Data section:
□ □ □ □ □ □ □

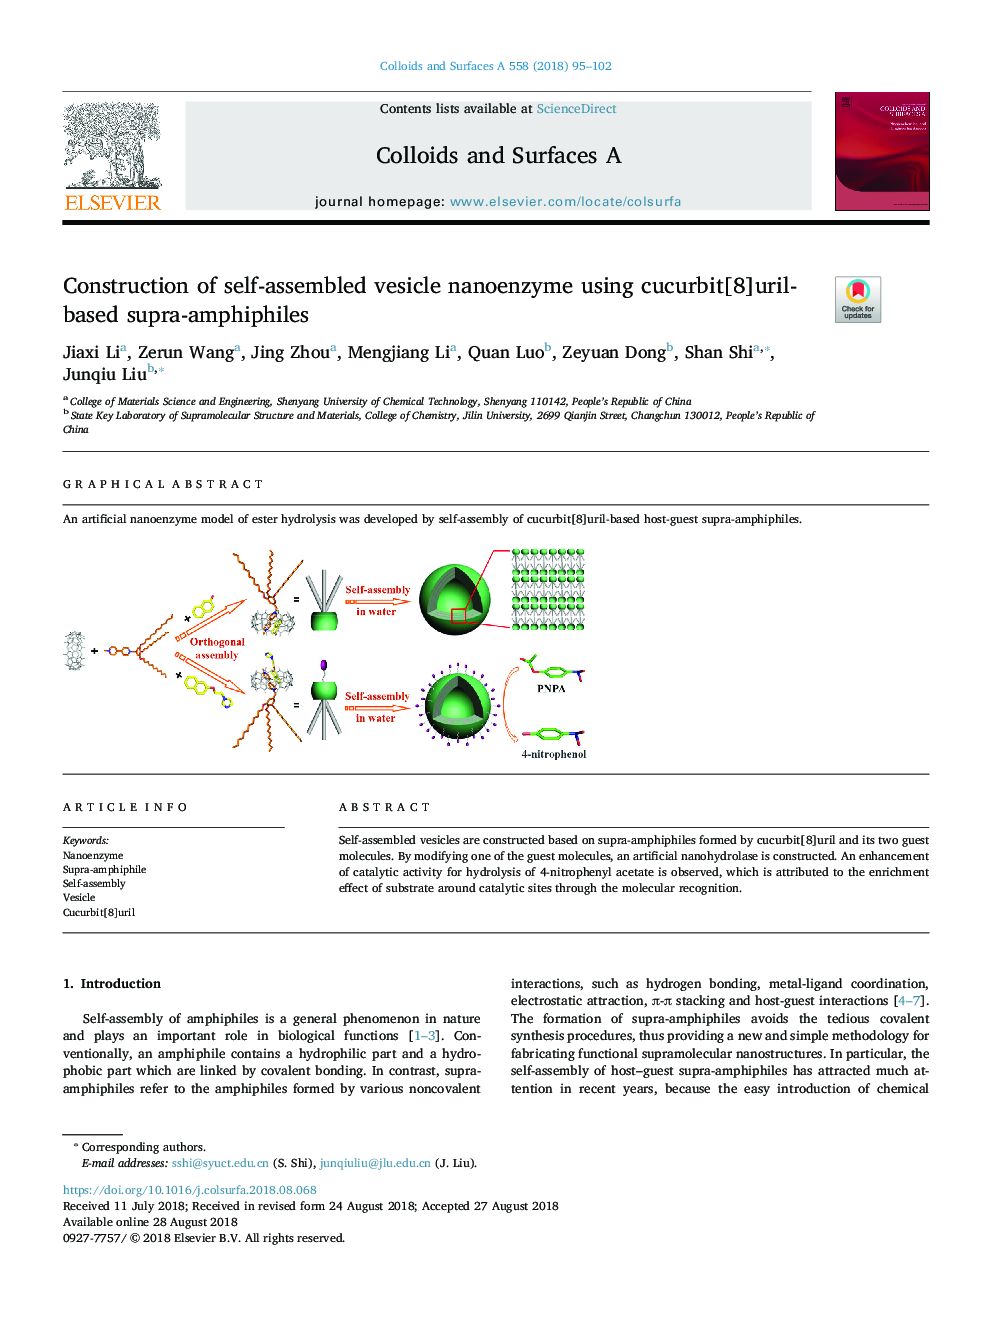 Construction of self-assembled vesicle nanoenzyme using cucurbit[8]uril-based supra-amphiphiles
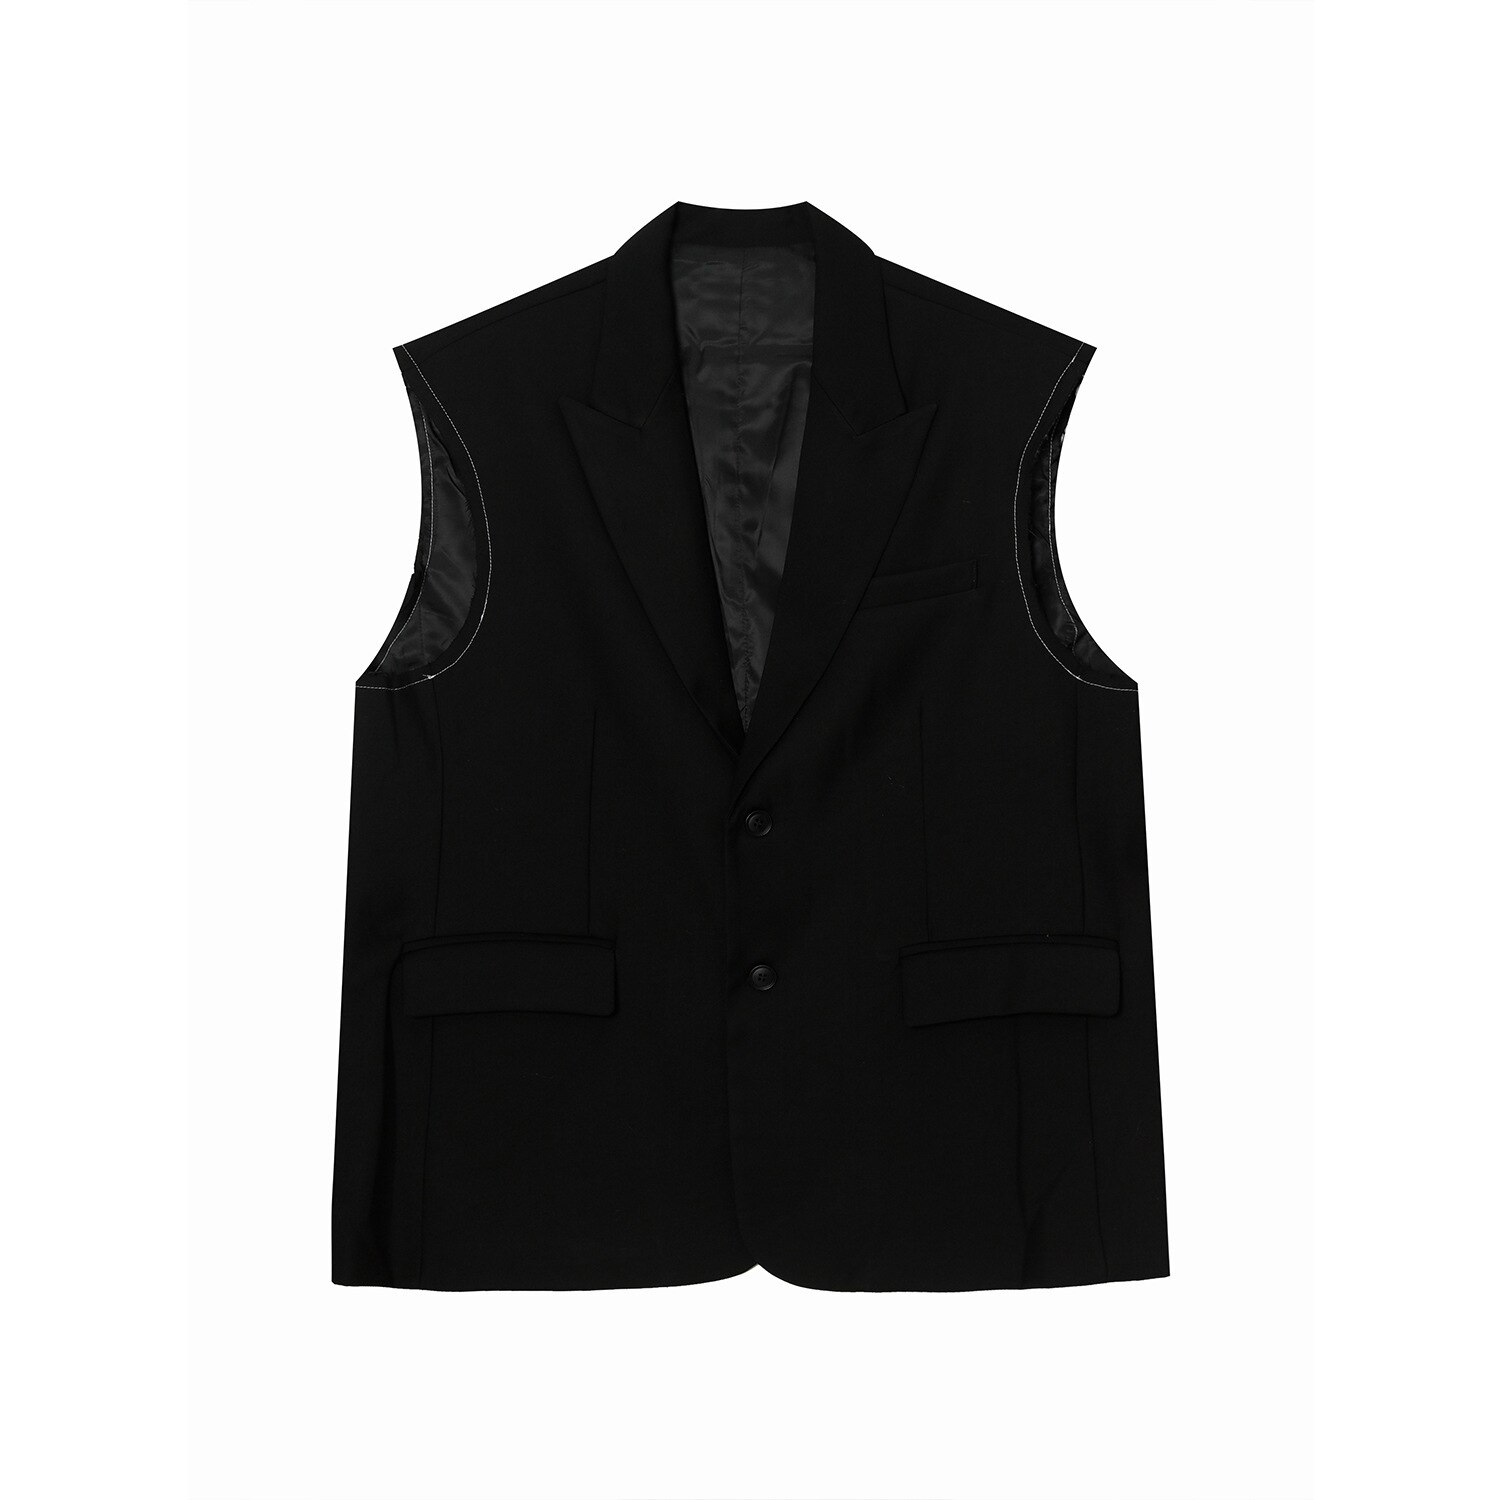 Iefb Herenkleding Lente Causale Pak Vest Koreaanse Mode Ins Losse Casual Vest Met Pocket Grey Mouwloze y5400: Black / XL
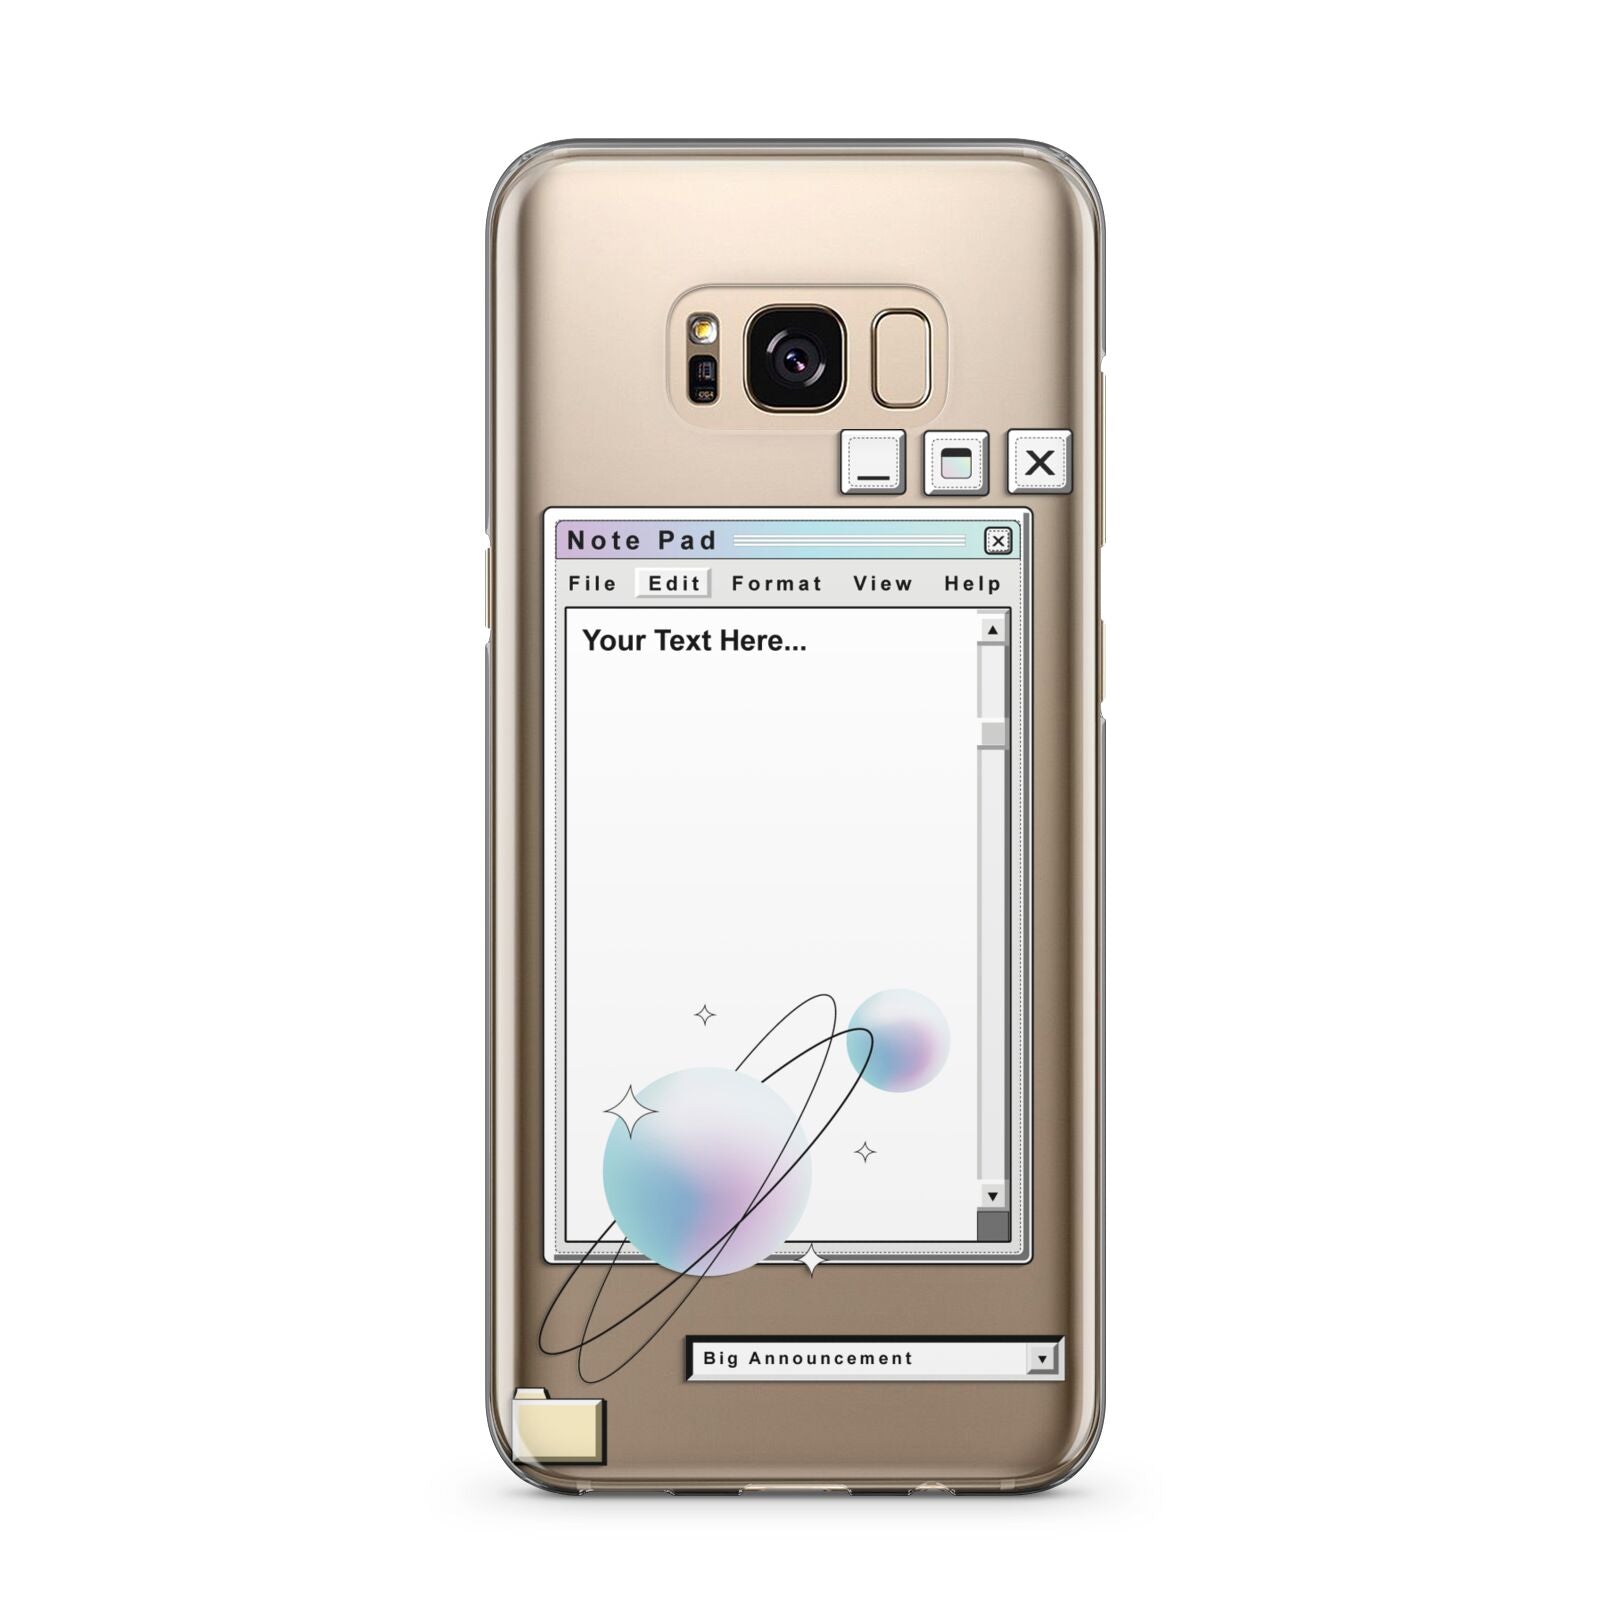 Retro Note Pad Samsung Galaxy S8 Plus Case

□ □ □ □ □ □ □

Exercise description: From the data above, write out everything exactly except the pictures.

Exercise result:
 Construction of self-assembled vesicle nanoenzyme using cucurbit[8]uril-based supra-amphiphiles
 Iefb Herenkleding Lente Causale Pak Vest Koreaanse Mode Ins Losse Casual Vest Met Pocket Grey Mouwloze y5400: Black / XL
 Retro Note Pad Samsung Galaxy S8 Plus Case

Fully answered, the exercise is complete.